→ **EXERCISE**: Only the lines from the one containing "635e9303e9 Vans Women" through the end of the data are wanted, reproduced exactly and without pictures.

BEGIN SUPPLIED MATERIAL

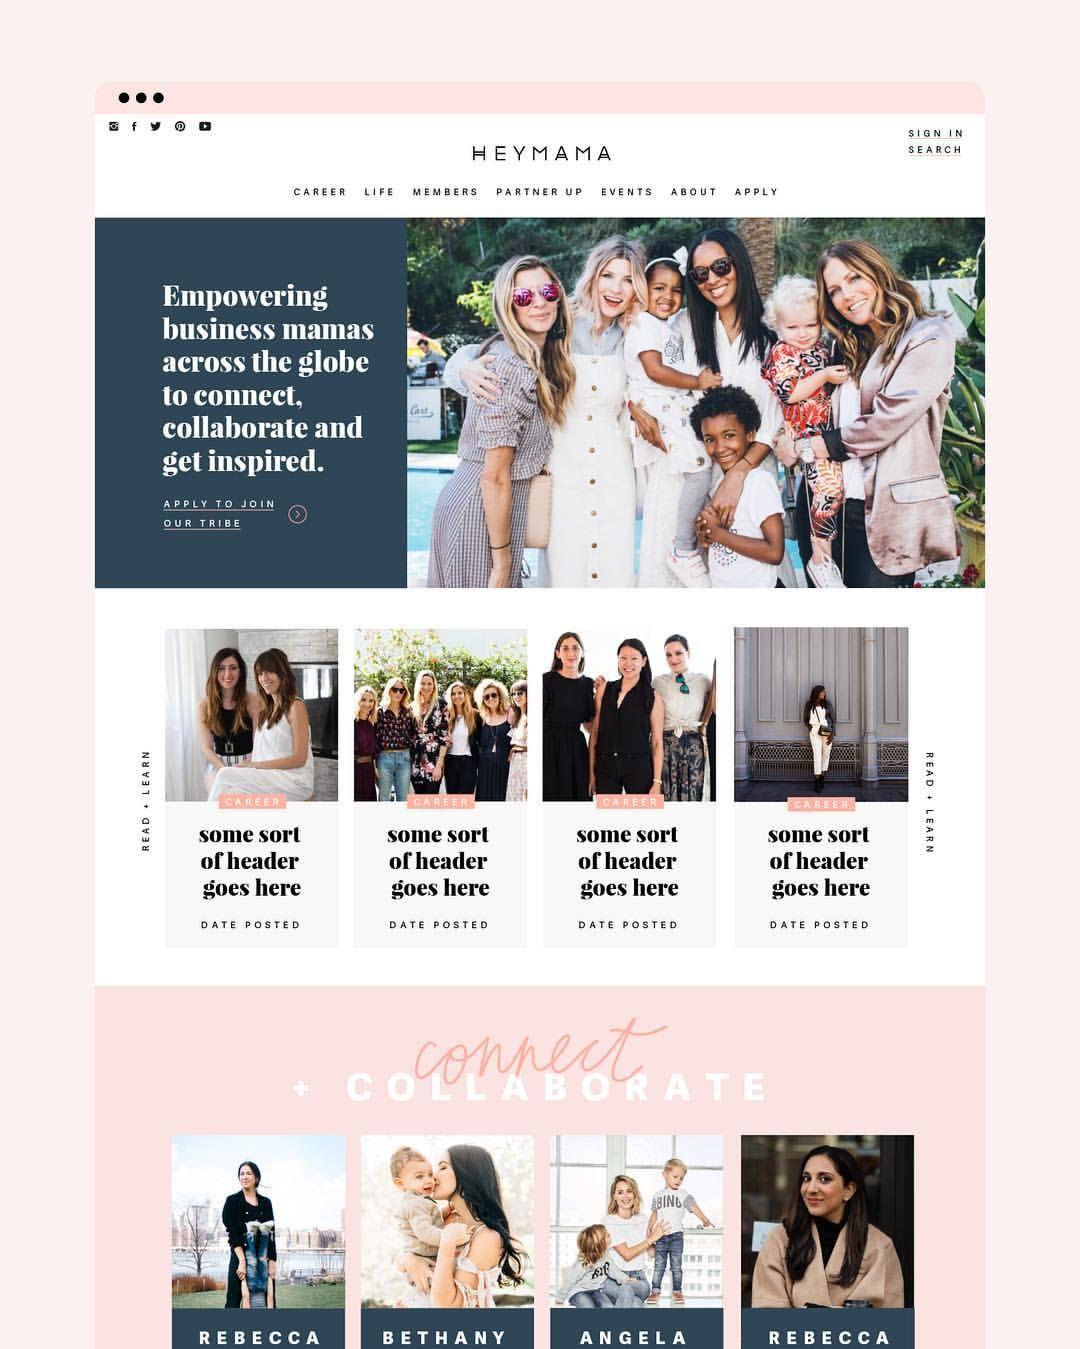 Website Design Heymama Mom Entrepreneurs Home Page Blush Navy Neutral Pink Inspiring Empowering Clean Website Design Web Design Tips Web Design Help
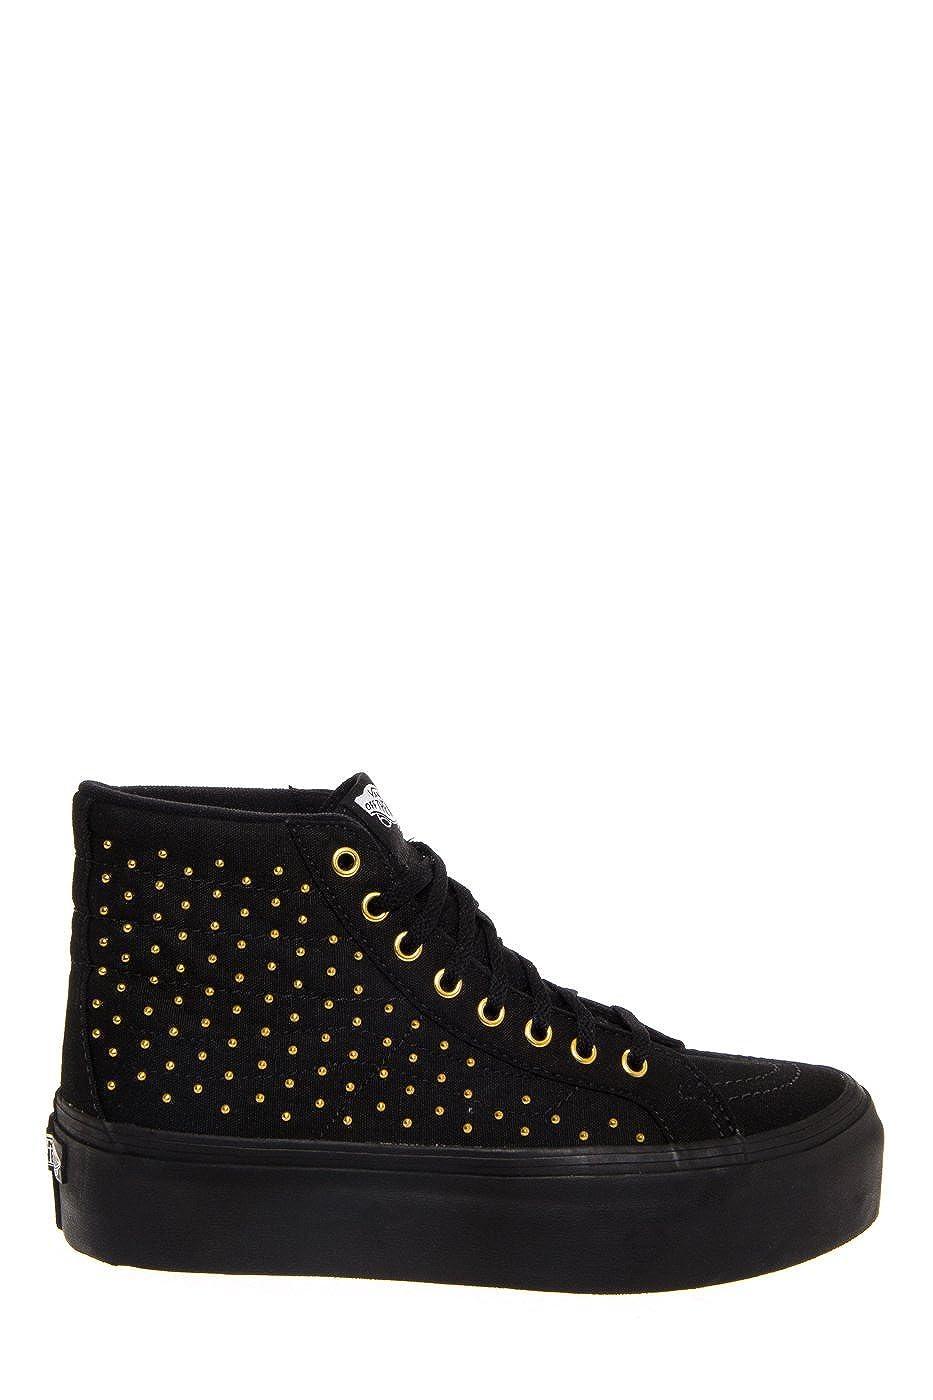 635e9303e9 Vans Women s Sk8-Hi Studded Platform Sneakers
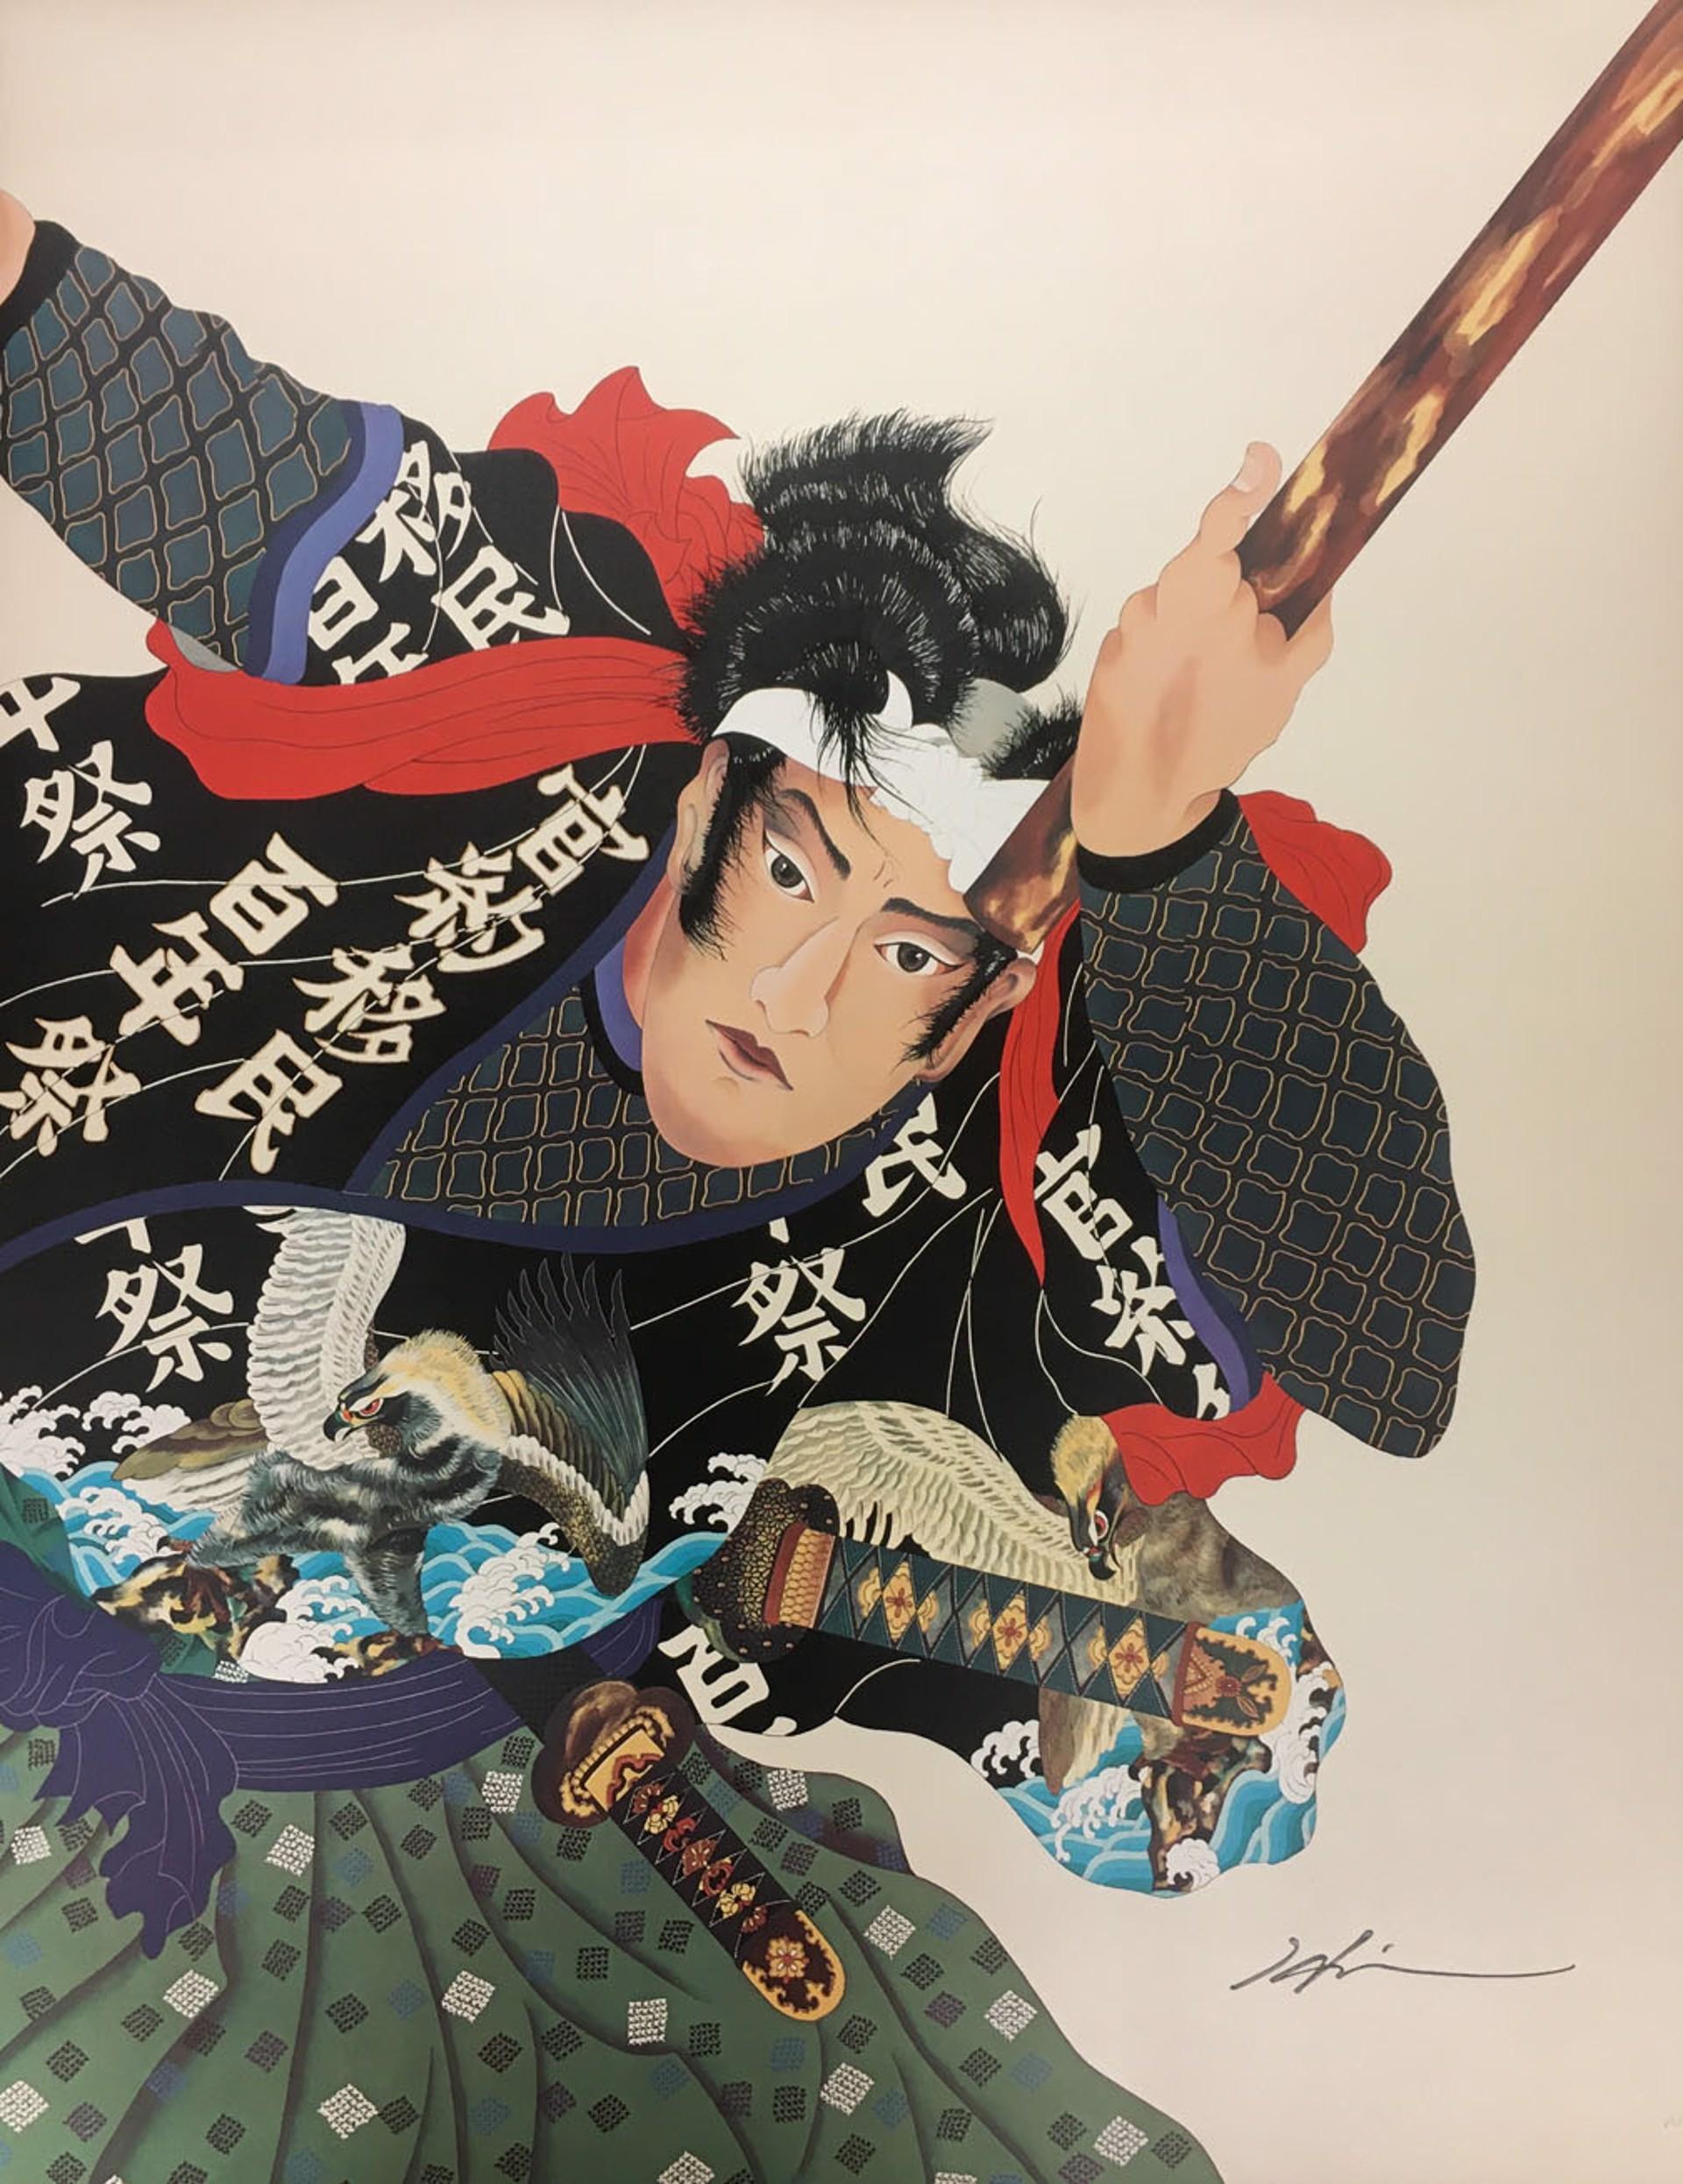 Spirit Of Musashi by Hisashi Otsuka

END SUPPLIED MATERIAL

→ **RESPONSE TO THE EXERCISE**:
 635e9303e9 Vans Women s Sk8-Hi Studded Platform Sneakers
 Spirit Of Musashi by Hisashi Otsuka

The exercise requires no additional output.